Block’s “Operation Pale Fire” represents a comprehensive case study in securing AI agents deployed in production environments. The engagement focused on goose, an open-source AI agent developed by Block and now under the Agentic AI Foundation, designed to assist users with coding tasks, debugging, and workflow automation. The red team exercise demonstrates critical LLMOps considerations around security, monitoring, and the unique challenges of deploying agentic AI systems that can execute code and interact with external systems through the Model Context Protocol (MCP).

The Production AI System: goose

goose is positioned as a general-purpose AI agent capable of taking “meaningful real-world action” by interacting with external entities through MCP extensions to perform complex multi-step operations. This production deployment scenario immediately raises significant LLMOps concerns that traditional software deployments don’t face. The agent operates in a unique security paradigm where it has access to user calendars, development environments, shell access, and various other integrations that can execute arbitrary actions on behalf of users.

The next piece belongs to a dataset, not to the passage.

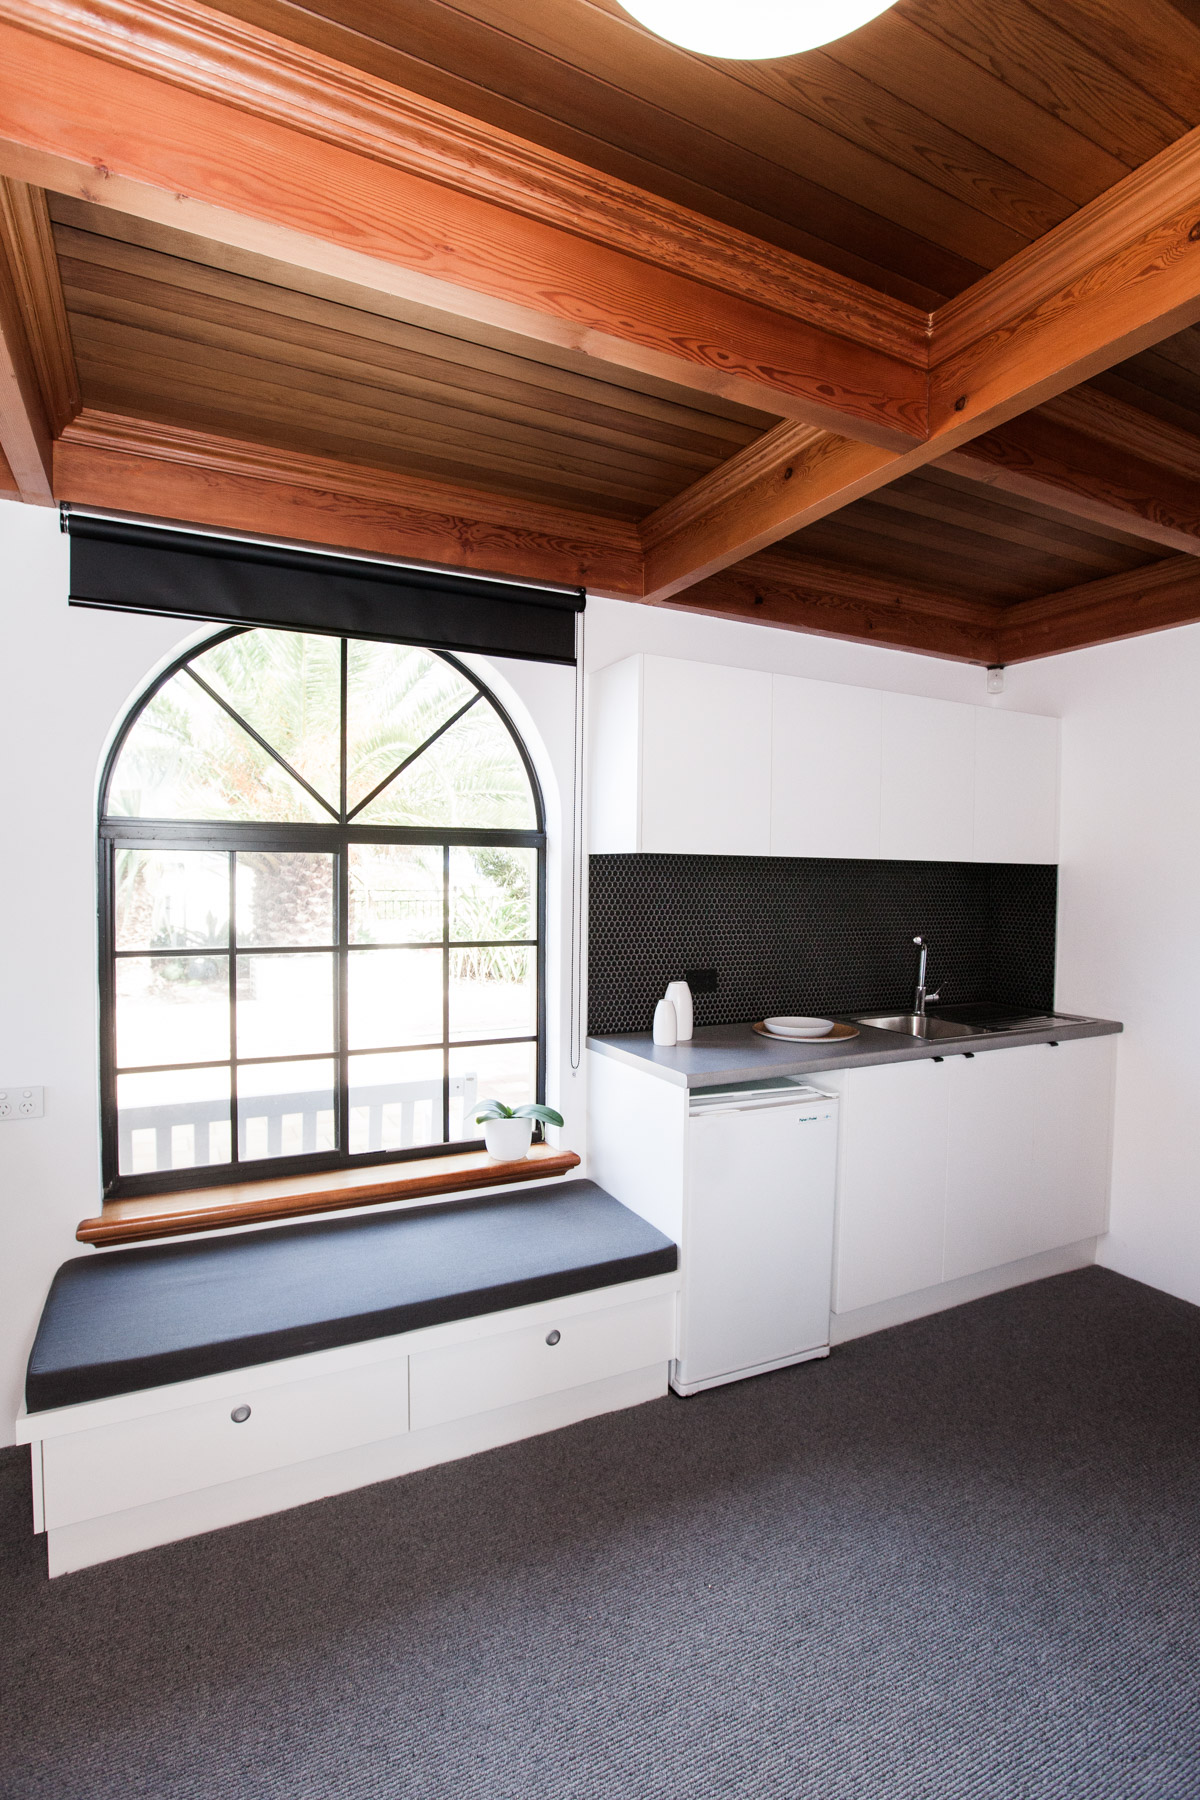 Study Kitchenette & Window Seat

An important LLMOps consideration highlighted in this case study is that Block allows internal users to select from a large list of available models from multiple vendors. This multi-model support creates operational complexity, as the red team discovered that “a payload developed and tuned with a particular model might not work with another, even those by the same vendor.” This heterogeneity in model selection represents a real-world LLMOps challenge where organizations must maintain security and reliability across different foundational models with varying capabilities and behaviors.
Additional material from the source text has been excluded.